Inspection carried out on 16 June 2015

During a routine inspection

This was an unannounced inspection which took place on 16 June 2015.

Dimensions- Loddon House is registered to provide care for up to four people. The home provides a service for people with learning and associated behavioural and physical disabilities. There were three people living in the service on the day of the visit. The service had ground and first floor accommodation. The bedrooms do not have en-suite facilities.

There is a registered manager running the service. A registered manager is a person who has registered with the Care Quality Commission to manage the service. Like registered providers, they are ‘registered persons’. Registered persons have legal responsibility for meeting the requirements in the Health and Social Care Act 2008 and associated Regulations about how the service is run.

People were kept as safe as possible. Care workers were trained in and understood how to protect people in their care from harm or abuse. Individual and general risks to people were identified and managed appropriately. The home had a stable staff group who had built strong relationships with people who lived there. Staff members had an in-depth knowledge of people and their needs. The staff team were well supported by the registered manager and other senior staff to ensure they were able to offer appropriate, safe care to people.

People were supported and encouraged to look after their health. Care staff were skilled in using people’s individual communication methods and in helping them to make as many decisions for themselves as they could. People were supported to be as independent as they were able to be, as safely as possible.

Peoples’ rights were recognised and maintained. The service understood the relevance of the Mental Capacity Act 2005, Deprivation of Liberty Safeguards (DoLS) and consent issues which related to the people in their care. The Mental Capacity Act 2005 legislation provides a legal framework that sets out how to act to support people who do not have capacity to make a specific decision. DoLS provide a lawful way to deprive someone of their liberty, provided it is in their own best interests or is necessary to keep them from harm. Appropriate DoLS applications were made to the local authority.

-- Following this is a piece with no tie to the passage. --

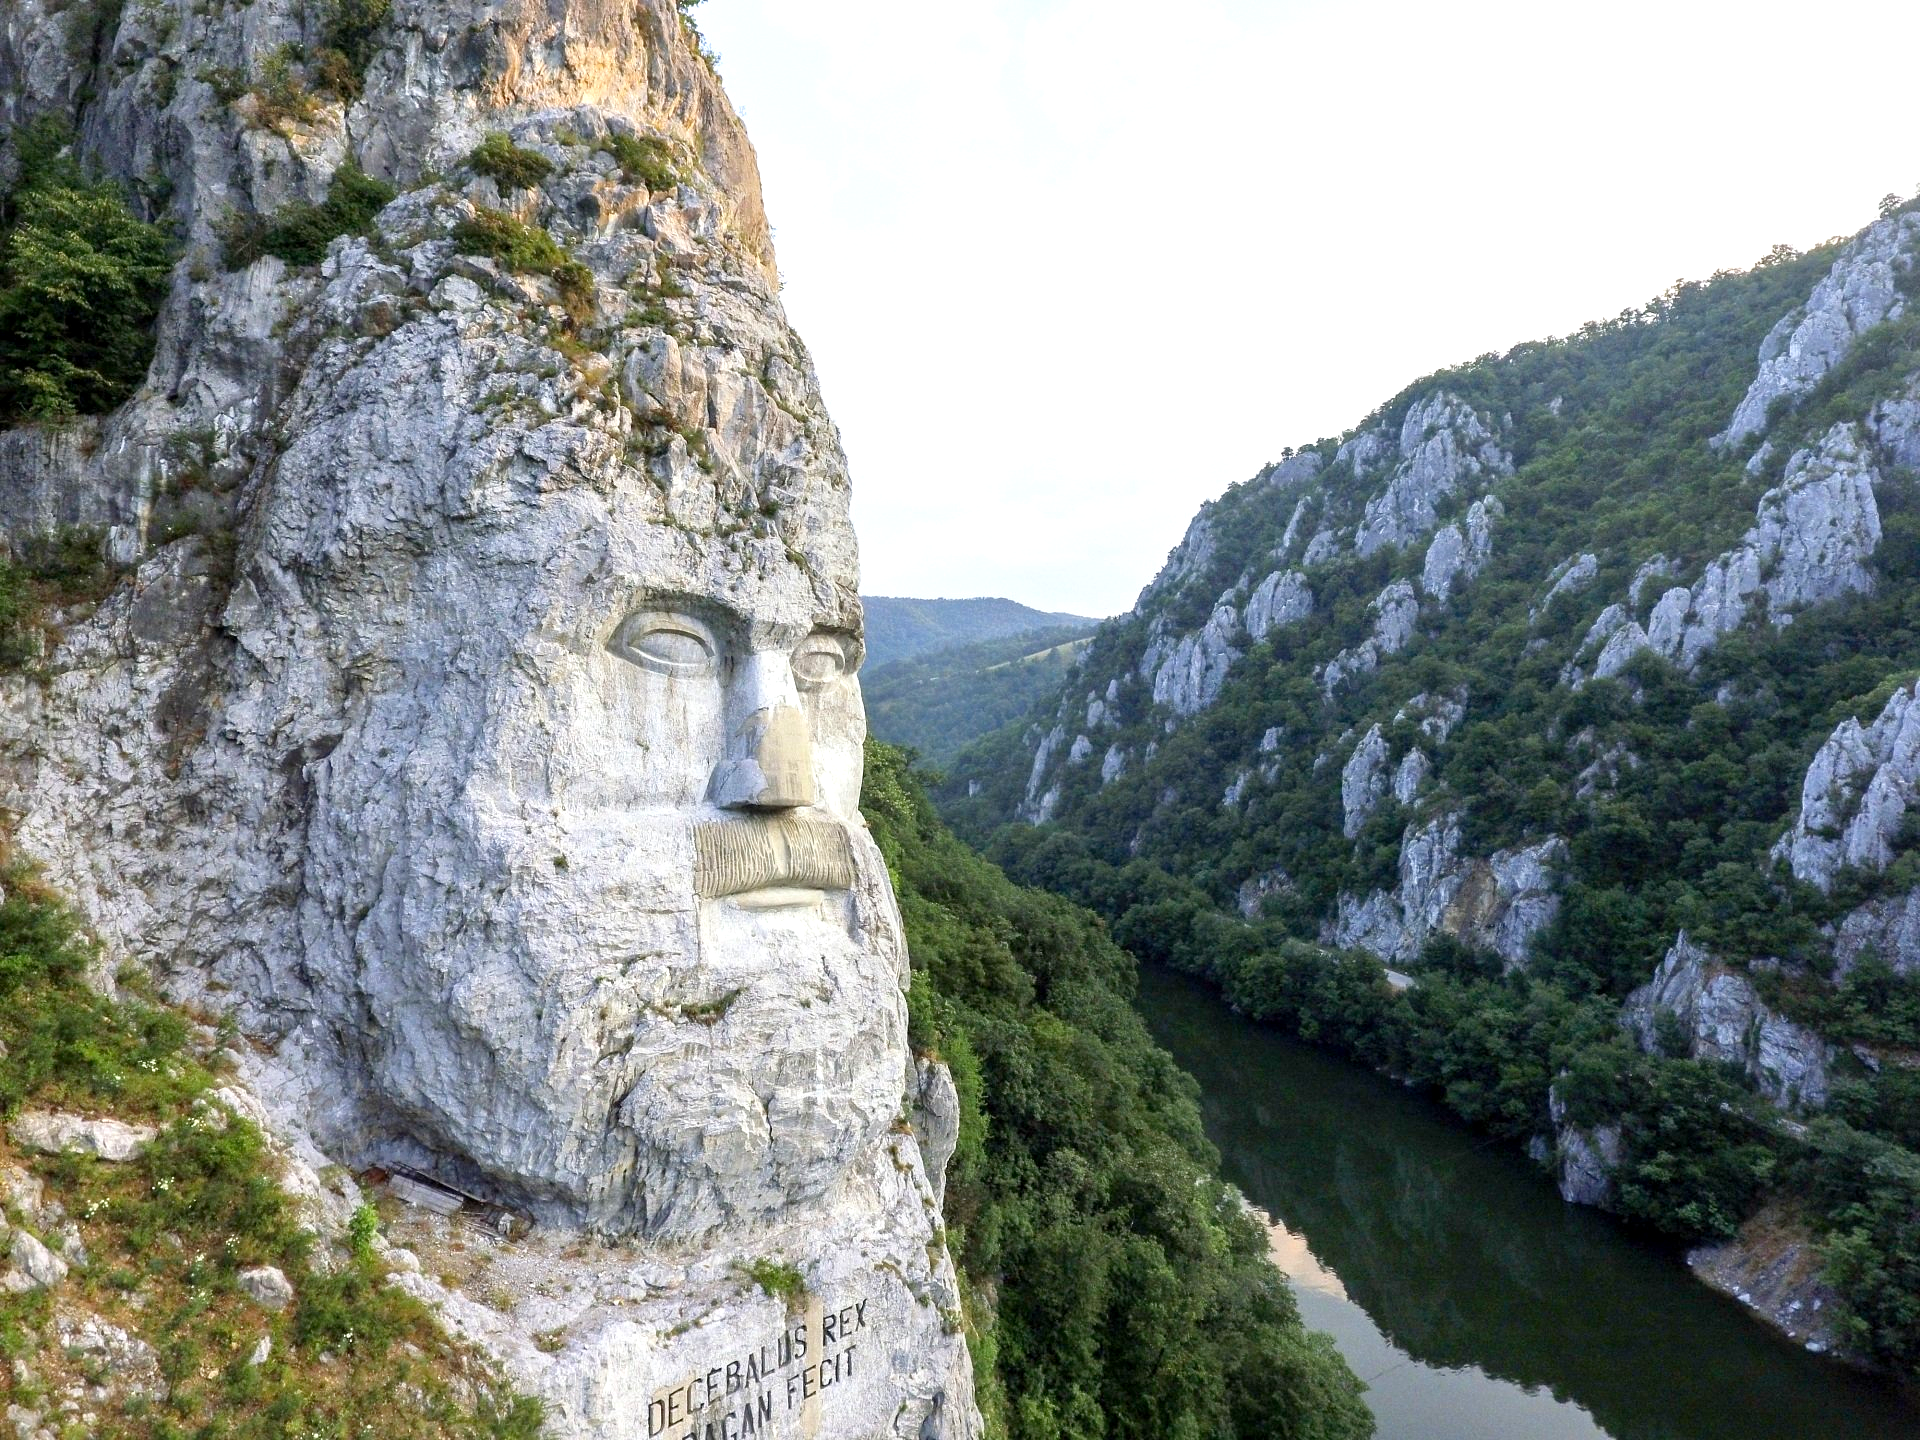 
Largest rock sculpture on a river bank: The rock sculpture of Decebalus

People were offered support by caring, kind and patient staff. Staffing ratios meant that people’s needs were met and their requests for help or attention were responded to quickly. People were given the opportunity to participate in a variety of individualised activities which they chose and enjoyed. Care staff understood how to maintain and promote people’s privacy and dignity and respected them at all times. The individualised care planning ensured people’s equality and diversity was respected.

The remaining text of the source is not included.